_DATA FOR THIS EXERCISE_
==*==

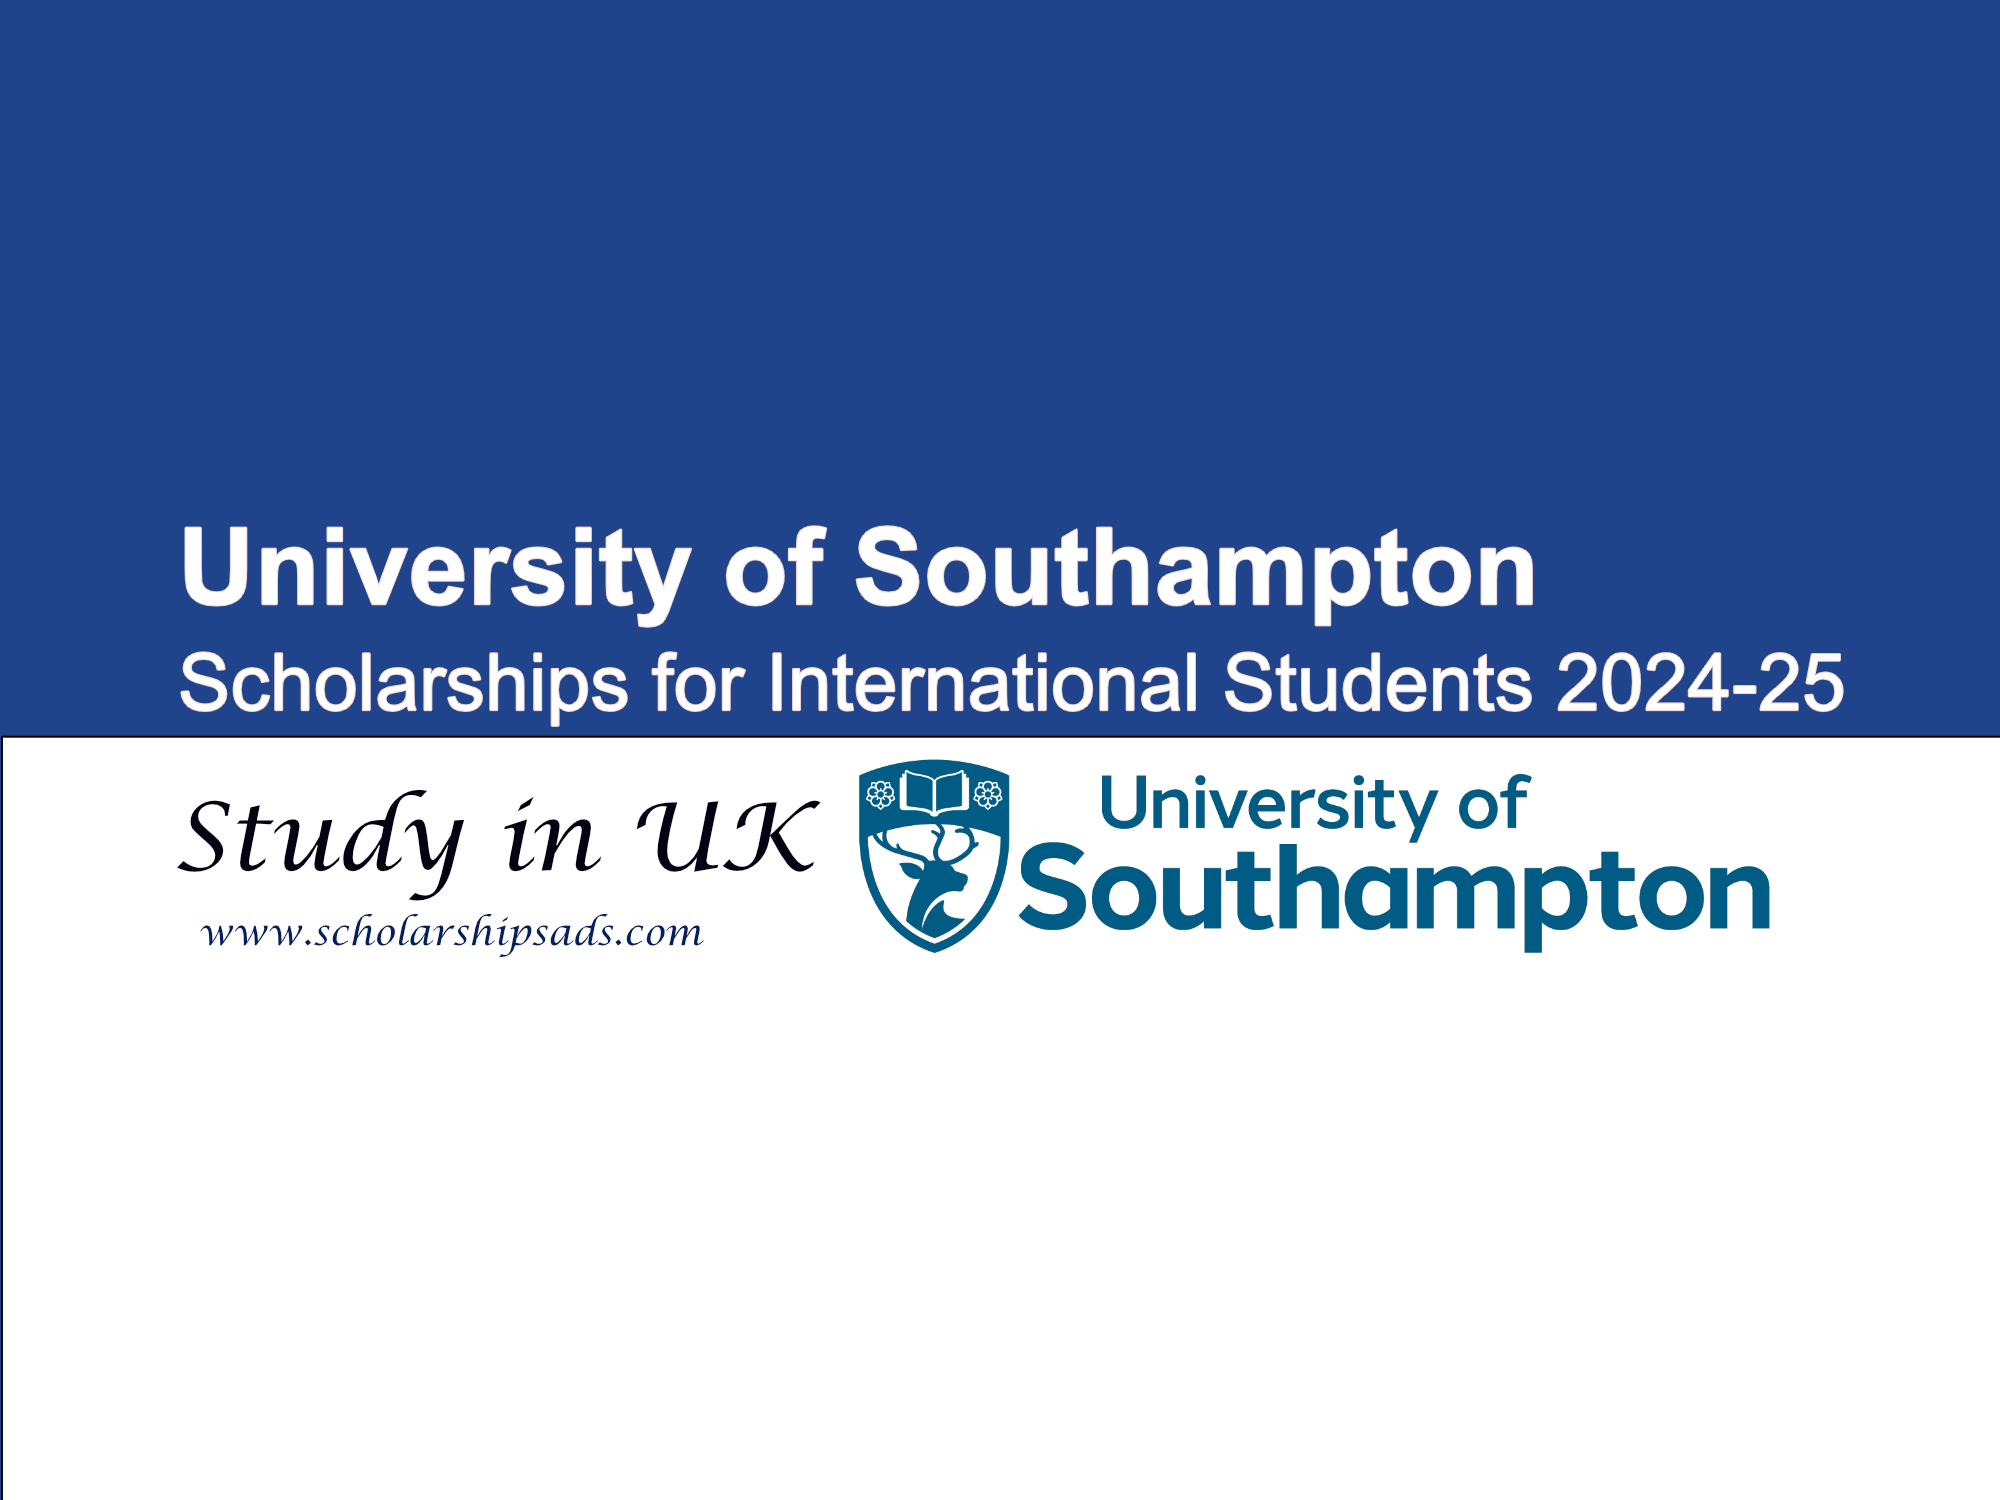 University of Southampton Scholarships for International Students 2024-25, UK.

==*==

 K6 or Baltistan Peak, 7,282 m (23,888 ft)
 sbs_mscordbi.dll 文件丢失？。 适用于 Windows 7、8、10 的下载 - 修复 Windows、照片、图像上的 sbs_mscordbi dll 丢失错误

==*==

_EXERCISE GOAL_
Copy out precisely the lines from the line with "K6 or Baltistan Peak, 7,282 m (23,888 ft)" to the line with "sbs_mscordbi.dll 文件丢失？。 适用于" in the material above, including those two lines and omitting all the rest.

_COMPLETED TASK_
 K6 or Baltistan Peak, 7,282 m (23,888 ft)
 sbs_mscordbi.dll 文件丢失？。 适用于 Windows 7、8、10 的下载 - 修复 Windows、照片、图像上的 sbs_mscordbi dll 丢失错误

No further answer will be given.